Previously, the Ashare capital market fully pric in the logic

Previously, the Ashare That a package of policy expectations would allow the economy to achieve a better recovery, but data such as the November economy and December PMI confirm that the market was previously too optimistic. In addition, the continu surge in the bond market and the continu decline in the commodity market also reflect that these two markets hold relatively pessimistic expectations for the economy.

In addition to the fundamentals, the Ashare reunion email list 100000 contact leads market is currently facing a negative factor on the capital side. That is, all the funds that enter the trillion level on October 8 were trapp, and the margin ratio of margin trading has rapidly dropp to 253%, entering the bear market level, but the balance of margin trading is still at the bull market level (as high as 1.8 trillion).
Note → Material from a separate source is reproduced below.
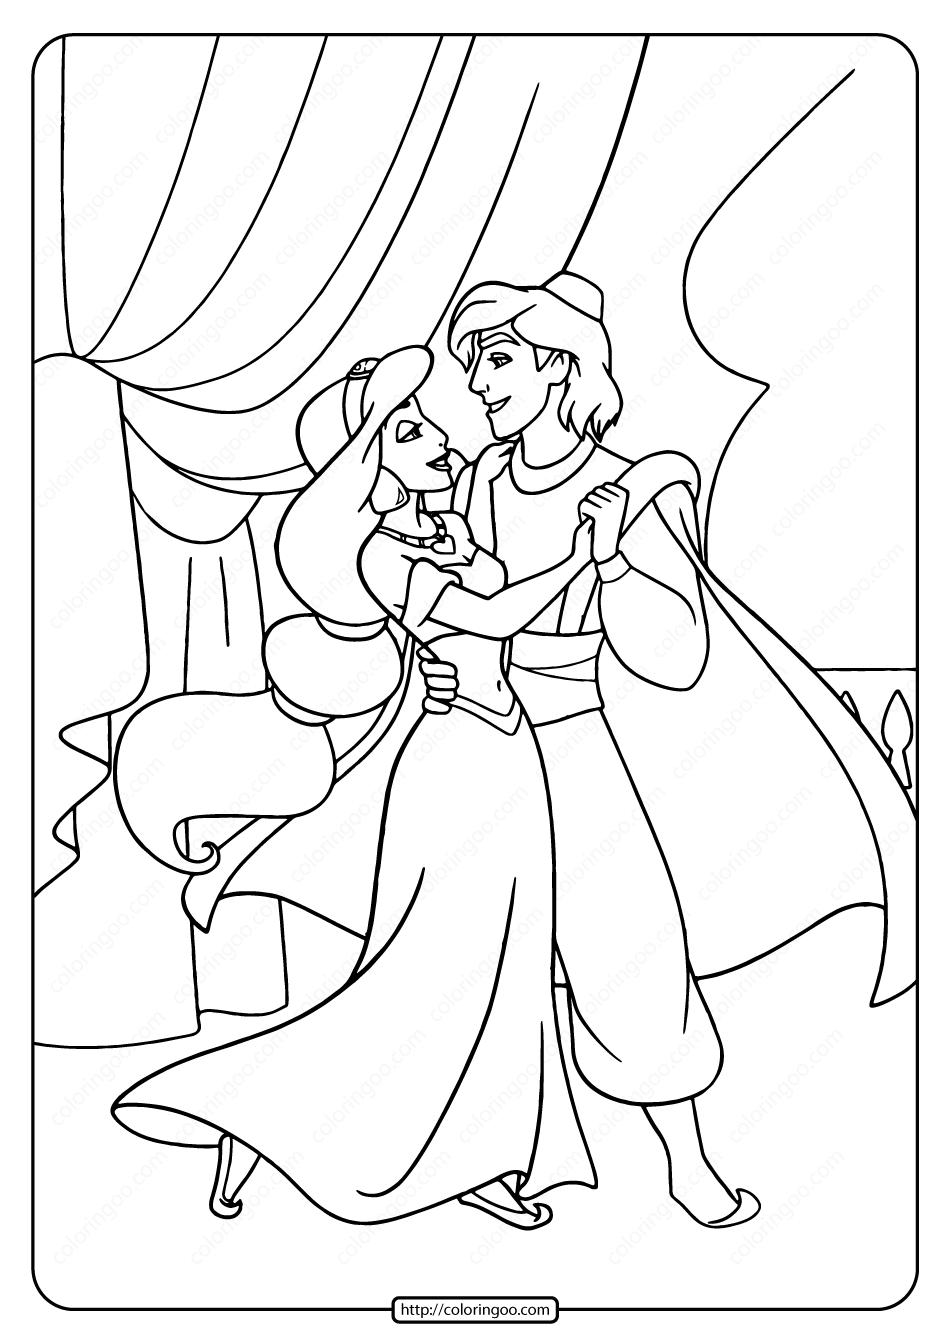 Printable Aladdin and Jasmine Dancing Coloring Page

If the market falls again, it faces the risk of passive deleveraging.

It should be not that the leverag funds that enter after

October 18 were mainly allocat to CSI 1000, CSI 2000 and microcap stocks, with a rough scale of around 300 billion. Once rapid deleveraging integrates with other tools occurs, the damage to small and miumsiz stocks will be greater.

There are no large bluechip companies in the humanoid robot sector, all of which are small and miumsiz companies, and will face the deleveraging risks mention above.

However, once the Ashare market stabilizes

Humanoid robots will most likely make a comeback because the industry logic supports it. In my opinion, a better time to deploy robots may be around the Spring Festival holiday.

From a historical review, from 2010 to 2024, there liechtenstein number were 13 years of increase in February out of the 15 years, and the CSI 300 Index rose by an average of 3.6%, much higher than other months. In addition, from the perspective of market style, in February, it outperform the market in 14 of the past 15 years, and the market style characteristics are particularly obvious Previously, the Ashare.